The co-pilot was 27-year-old First Officer Andreas Lubitz, who had 630 flight hours of experience. Lubitz took time off from his flight training for several months and informed the Flight Training Pilot School in 2009 of a "previous episode of severe depression". On 30 March, investigators in Düsseldorf said that Lubitz had been treated for suicidal tendencies several years before becoming a pilot.
Passengers
Among the passengers were sixteen schoolchildren and two teachers from the Joseph-König-Gymnasium of Haltern am See, North Rhine-Westphalia. They were on their way home from a student exchange with the Giola Institute in Llinars del Vallès, Barcelona. Haltern's mayor, Bodo Klimpel, has described it as "the darkest day in the history of town".

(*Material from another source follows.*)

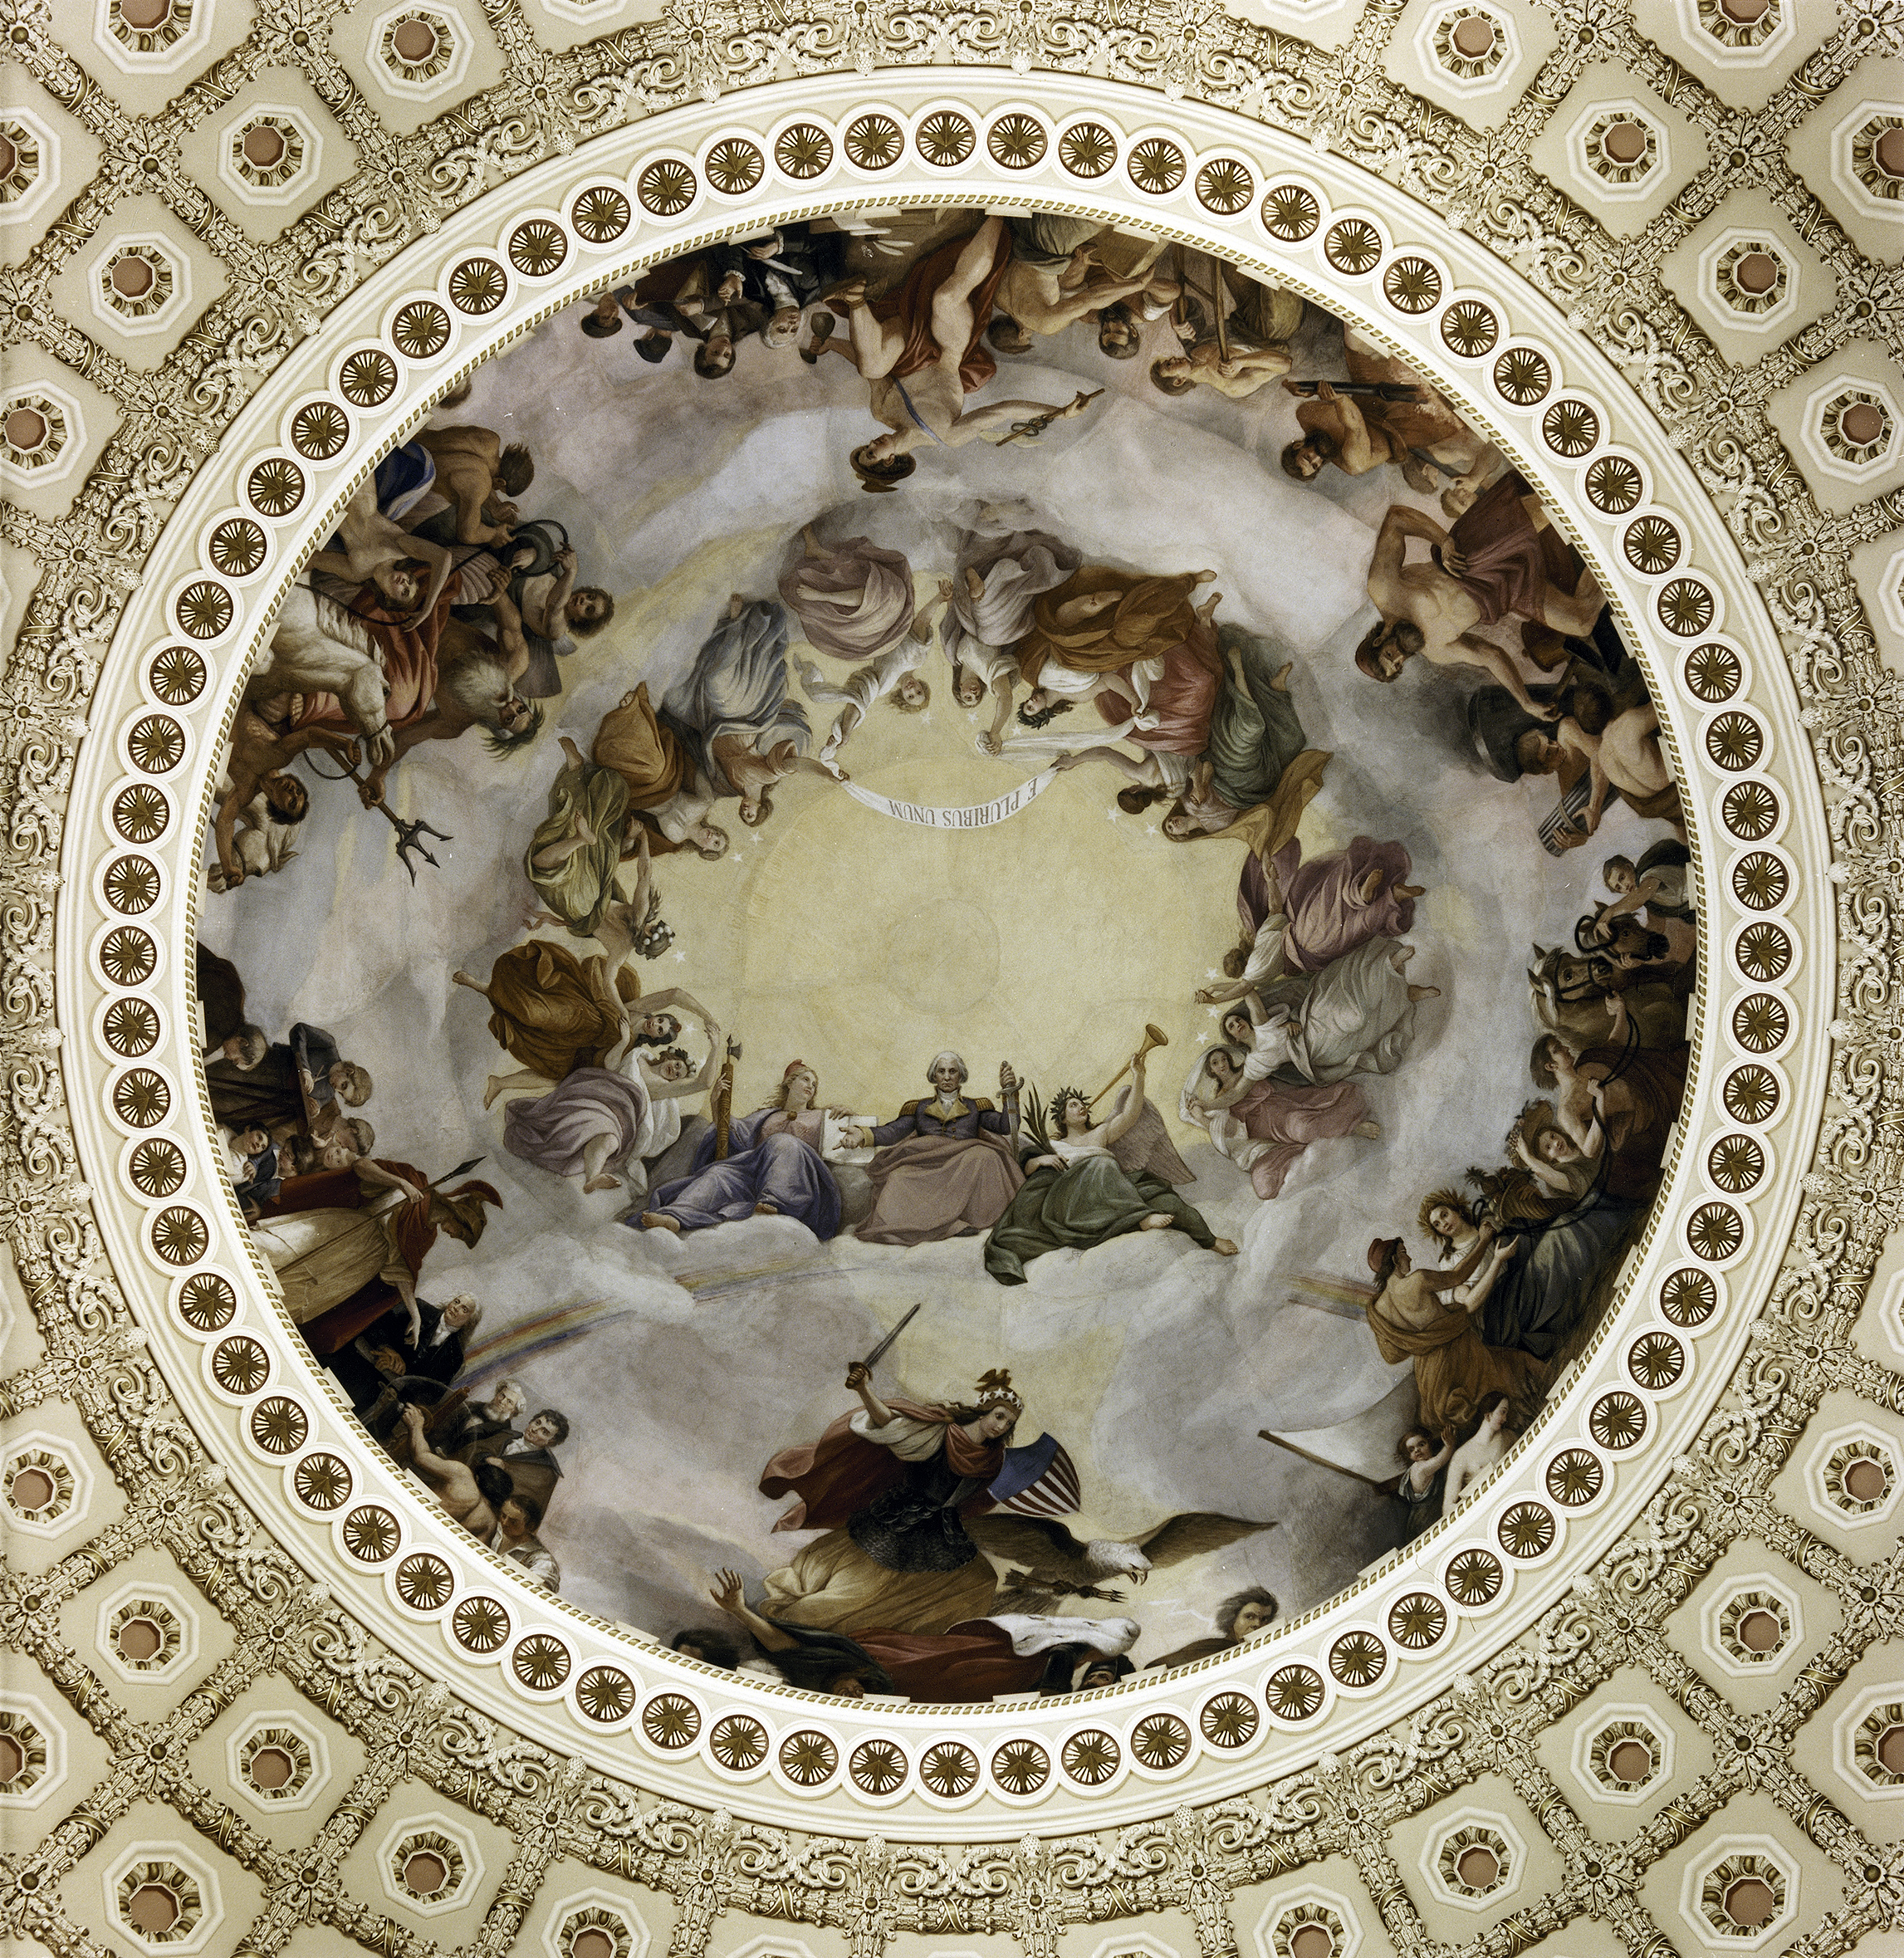 Capitol Dome Painting

Bass-baritone Oleg Bryjak and contralto Maria Radner, singers with Deutsche Oper am Rhein, were also on the flight.
Investigation
The Bureau d'Enquêtes et d'Analyses pour la Sécurité de l'Aviation Civile (BEA) opened an investigation into the crash, joined by its German counterpart, the Federal Bureau of Aircraft Accident Investigation (BFU), and assisted by the U.S. Federal Bureau of Investigation (FBI). On 24 March, the BEA sent seven investigators to the crash site, accompanied by representatives from Airbus and CFM International. The cockpit voice recorder (CVR) was recovered by rescue workers and was examined by the investigation team. The recorder was damaged in the crash, but was still in a usable condition. The BEA released photos of the CVR and was able to extract a voice recording. On 2 April French prosecutor Brice Robin announced that the flight data recorder had been found.
Cause of crash
According to French and German prosecutors, the crash was intentional. Marseille prosecutor Brice Robin said that co-pilot Andreas Lubitz, a 27-year-old German citizen, was initially courteous in the first part of the trip, then became "curt" when the pilot began the mid-flight briefing on the planned landing. Robin said that when the pilot returned from a probable toilet break and tried to enter the cockpit, Lubitz had locked the door. The pilot had a code to unlock the door, but the code panel can be disabled from the cockpit controls. The pilot requested re-entry using the intercom, knocking and then banging on the door, but received no response. The pilot then repeatedly tried to break down the door. Transponder data show the autopilot had switched from the cruising altitude of 38,000 feet (12,000 m) to 100 feet (30 m), the autopilot's lowest setting. During the descent, the co-pilot also did not respond to questions from air traffic control and did not transmit a distress call. Robin said that contact from the Marseille air traffic control tower, the pilot's attempts to break in, and Lubitz's steady breathing were audible on the cockpit voice recorder. The screams of passengers can be heard in the last moments before impact. The aircraft was traveling at 700 kilometres per hour (430 mph) when it crashed into the mountain.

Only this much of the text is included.